The course was using Enron email dataset a lot, and I want to use something similar but not the same to recap things. The dataset should have messages, authors, … How about Git repositories?
But before starting the machine learning part, the first step is loading a Git repository into Python.
GitPython
There are multiple Python libraries that can interact with Git. I’m unsure which would be the best, but GitPython is good enough for me.
First, I convert a Git repository (I used facebook/react) into a JSON file.
import git
import json
...
def commit_summary(c):
result = {}
for path, stats in c.stats.files.iteritems():
for k in stats:
result[k] = result.get(k, 0) + stats[k]
result['file_count'] = len(c.stats.files)

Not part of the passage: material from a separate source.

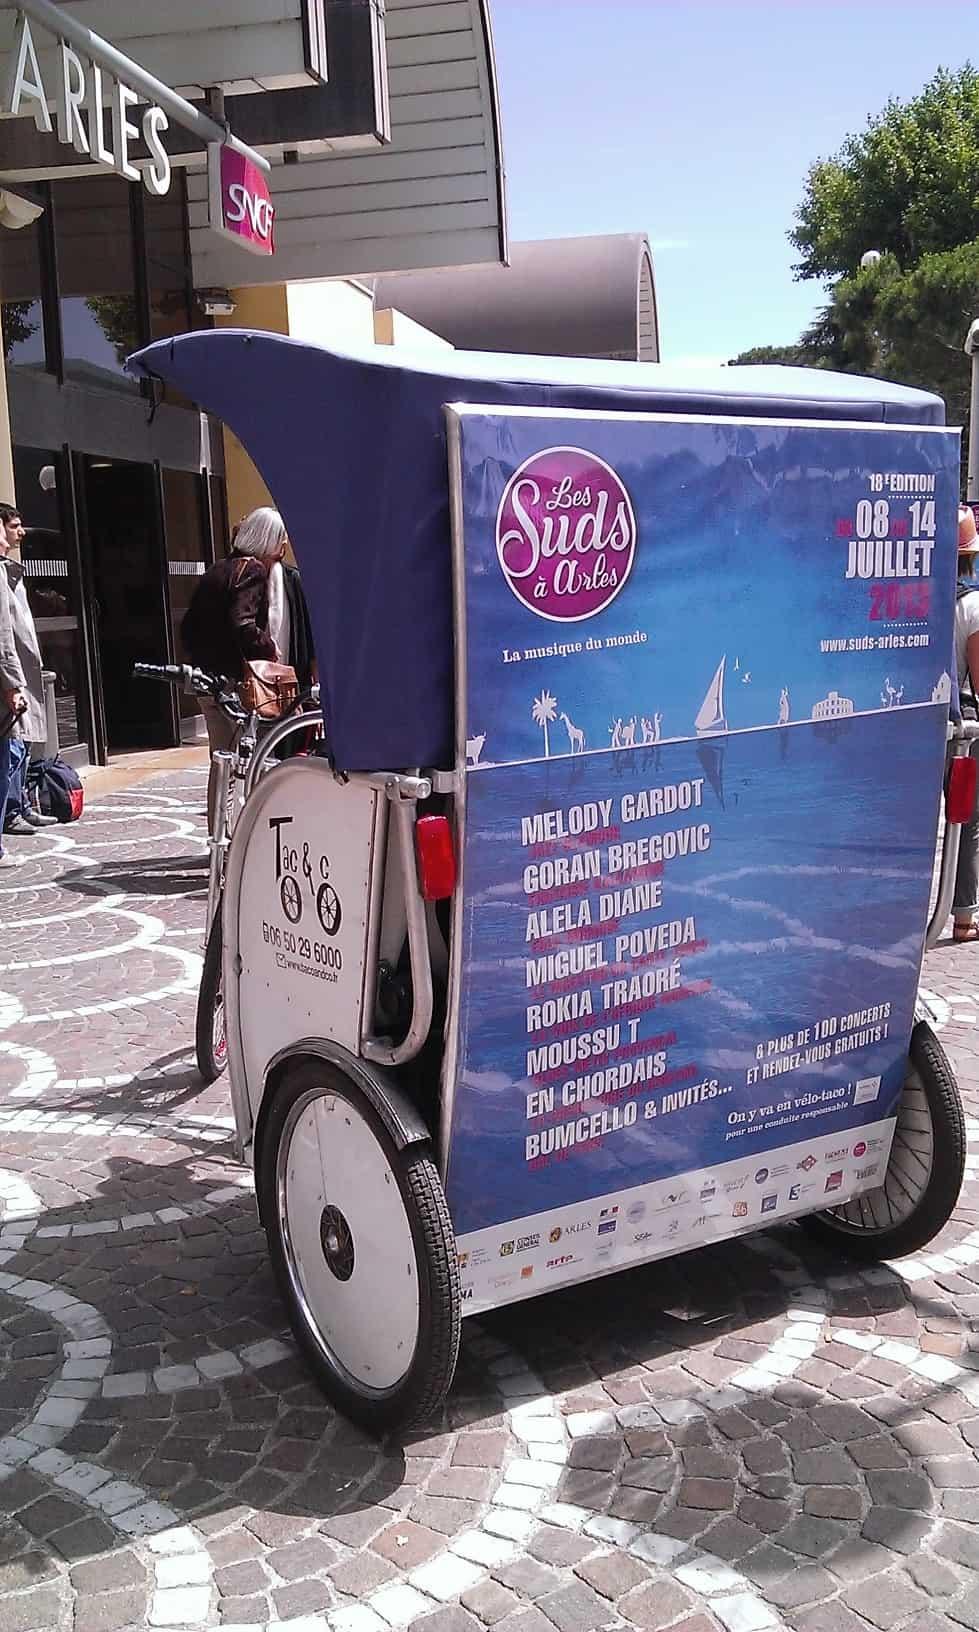 Réservez votre vélo taco pour votre arrivée à la gare sncf d'Arles

result['committed_date'] = c.committed_date
result['hexsha'] = c.hexsha
result['message'] = c.message
result['email'] = c.author.email
return result
react = git.Repo('../react')
with open('react-commits.json', 'w') as out:
out.write('[\n')
commits = react.iter_commits('master')
index = 0
for c in commits:
if index != 0:
out.write(',\n')
index += 1
json.dump(commit_summary(c), out)
out.write(']\n')
Then load the JSON file into Pandas.
import pandas as pd
...
commits = pd.read_json('react-commits.json')

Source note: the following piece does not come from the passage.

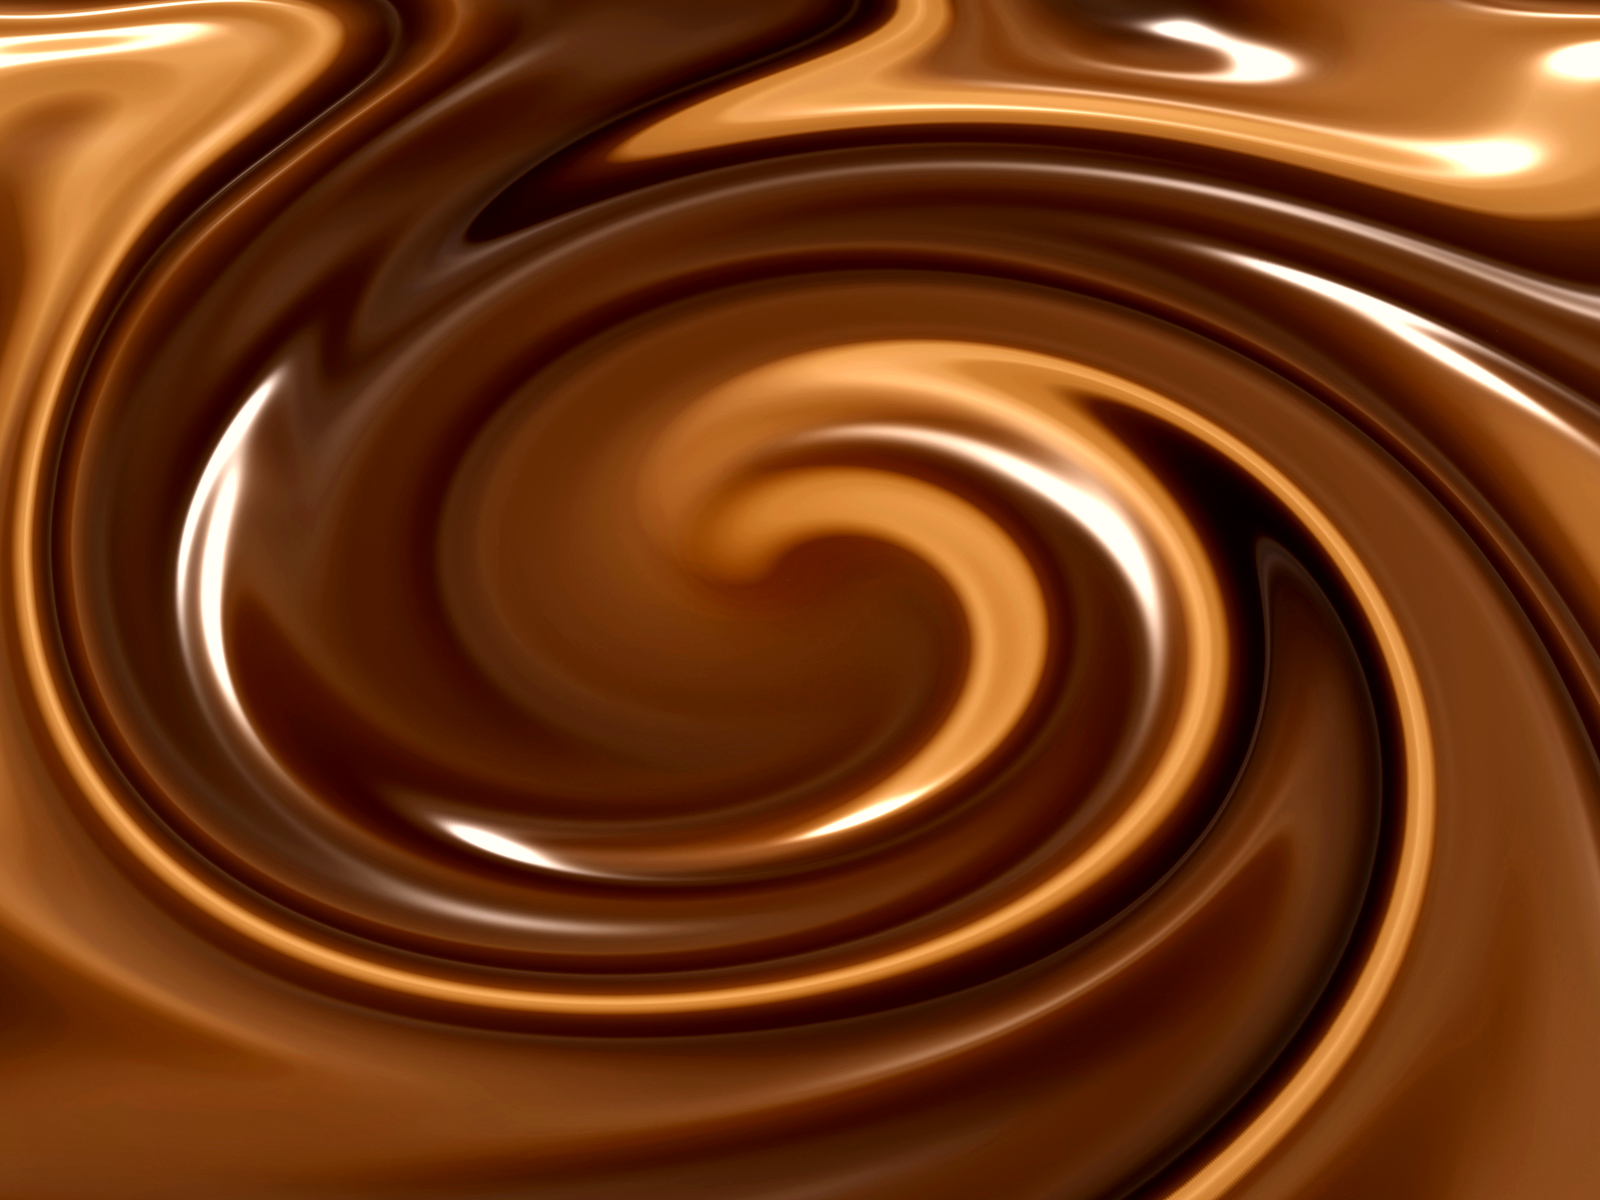 Chocolate Swirl wallpaper

commits['committed'] = pd.to_datetime(commits['committed_date'], unit = 's')
React Commits over Time
The Y-axis have insertions and deletions.

ggplot(aes('committed', 'insertions'), commits) + \
geom_line(aes(color = 1)) + \
geom_line(aes('committed', '-deletions', color = 2)) + \
ylab('Added/Deleted') + xlab('Committed Date') + \
guides(color=False) + scale_color_gradient()

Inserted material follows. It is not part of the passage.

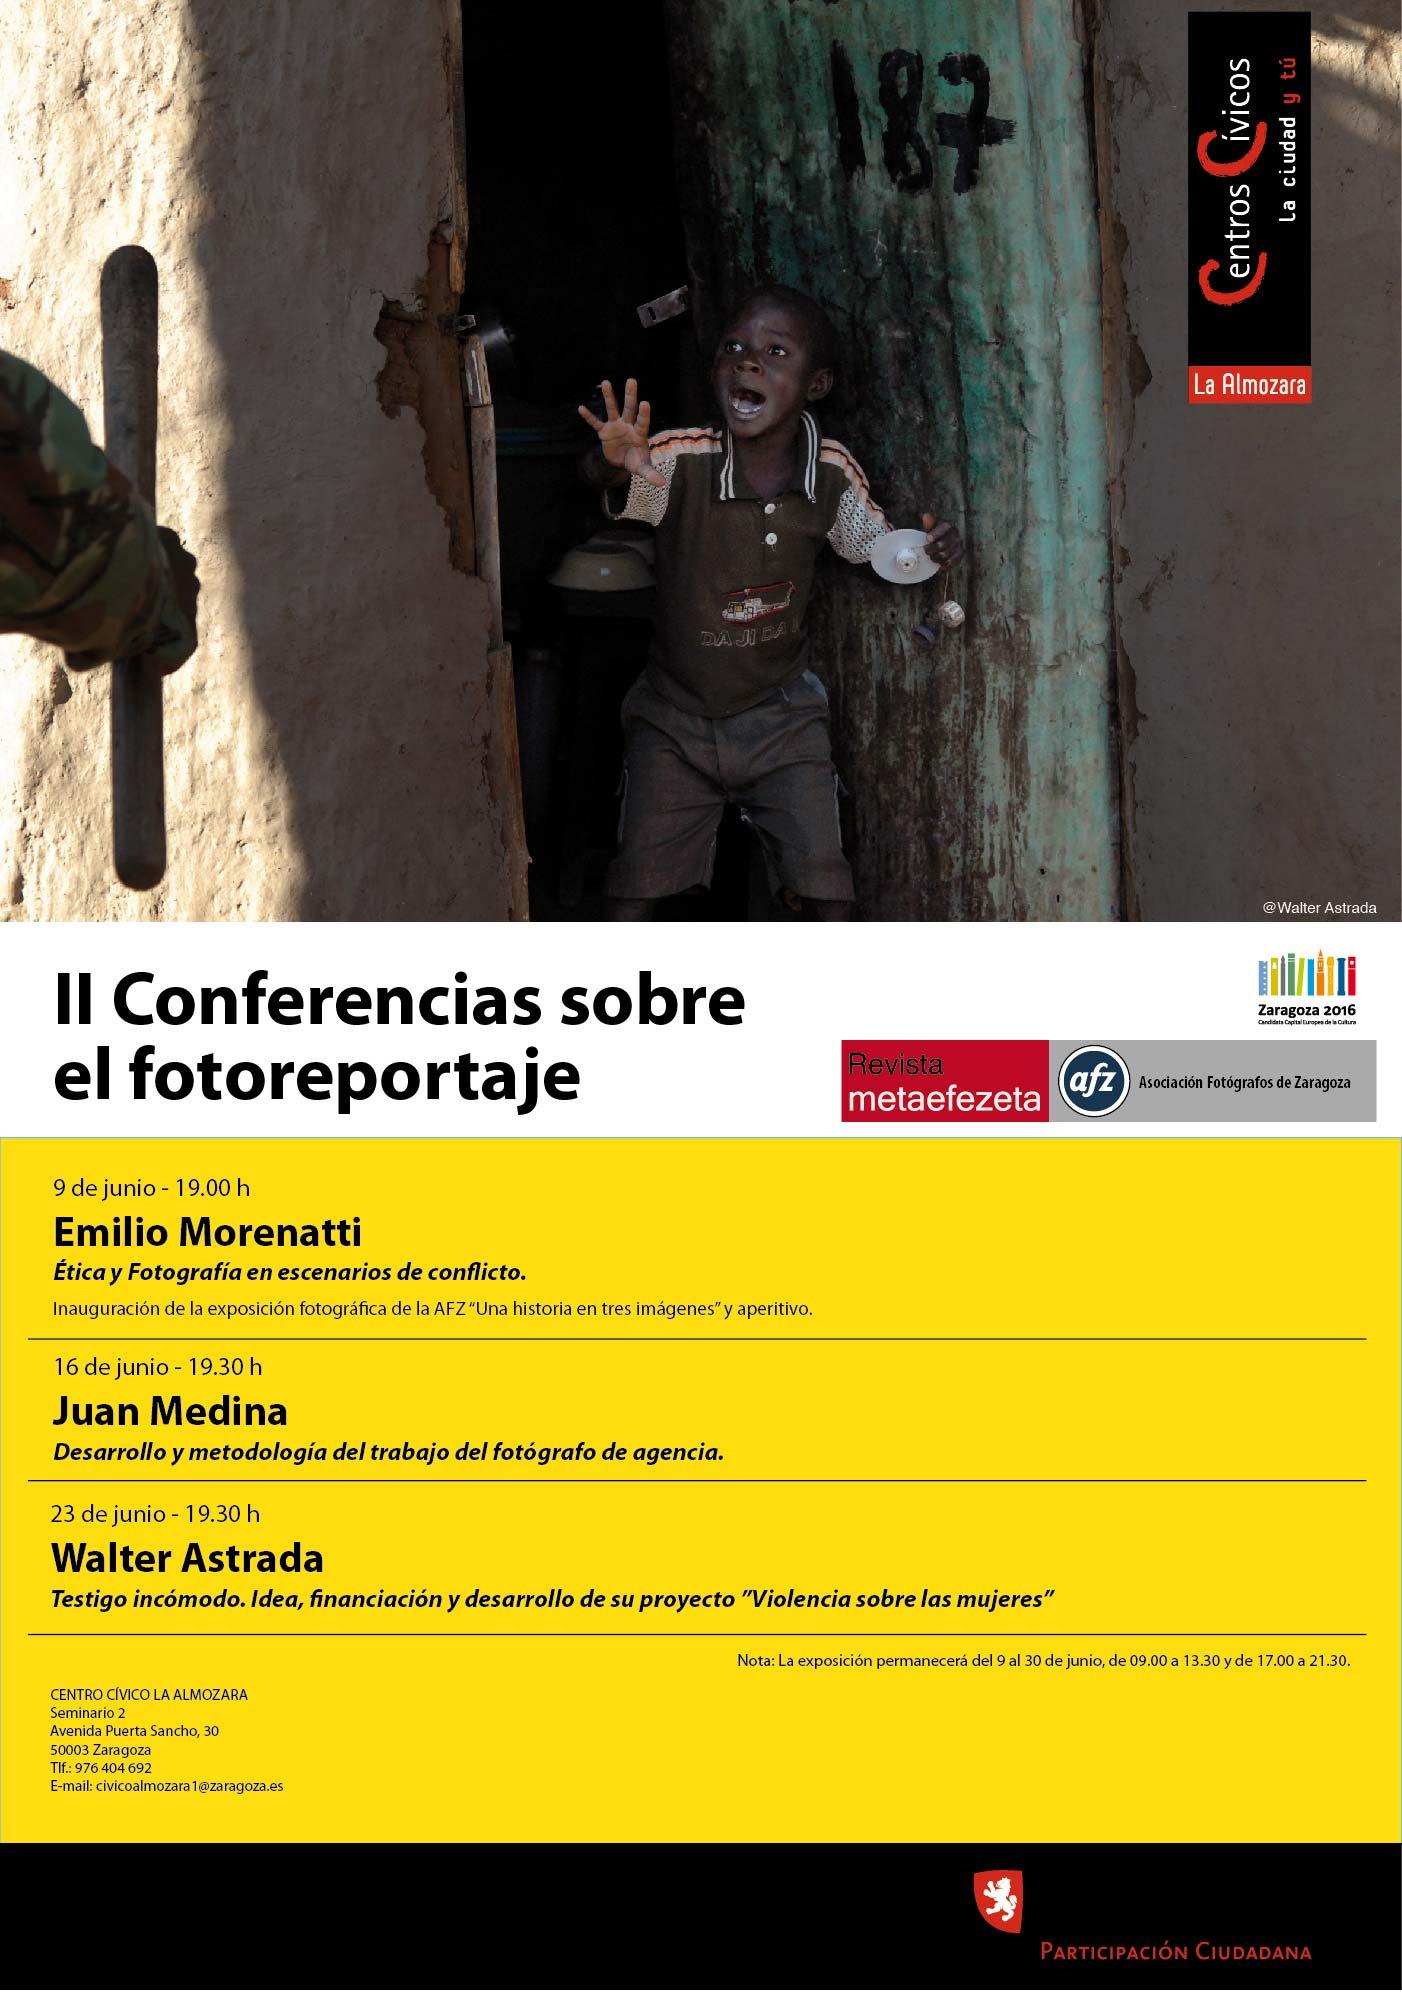 II Conferencias sobre fotoreportaje AFZ

There are a few spikes on deletions (newer to older);
- Delete documentation and website source (#11137)
- [site] Load libraries from unpkg (#9499)
- New Documentation
- Merge remote-tracking branch ‘facebook/master’
- remove likebutton from docs for now
While most of them were administrative changes, the last, oldest commit was a bit funny;
it has some facebook-ism in there and it’s probably shouldn’t be on the site.
I would agree so :)
React Committers
This plot, React commiters in the Y-axis is aesthetically pleasing. It would be interesting to compare that to similar projects, such as Vue or Angular.

commits['is_fb_com'] = commits['email'].str.contains('@fb.com')
ggplot(aes('committed', 'factor(email)', color='is_fb_com'), commits) + \
geom_point(aes(size = 'lines')) + \
ylab('Author') + xlab('Committed Date') + \
scale_y_discrete(labels = [])
The amount of commits from non-fb.com email addresses is surprising. I wanted to use that as an indicator of Facebook employees, but that may be too naive.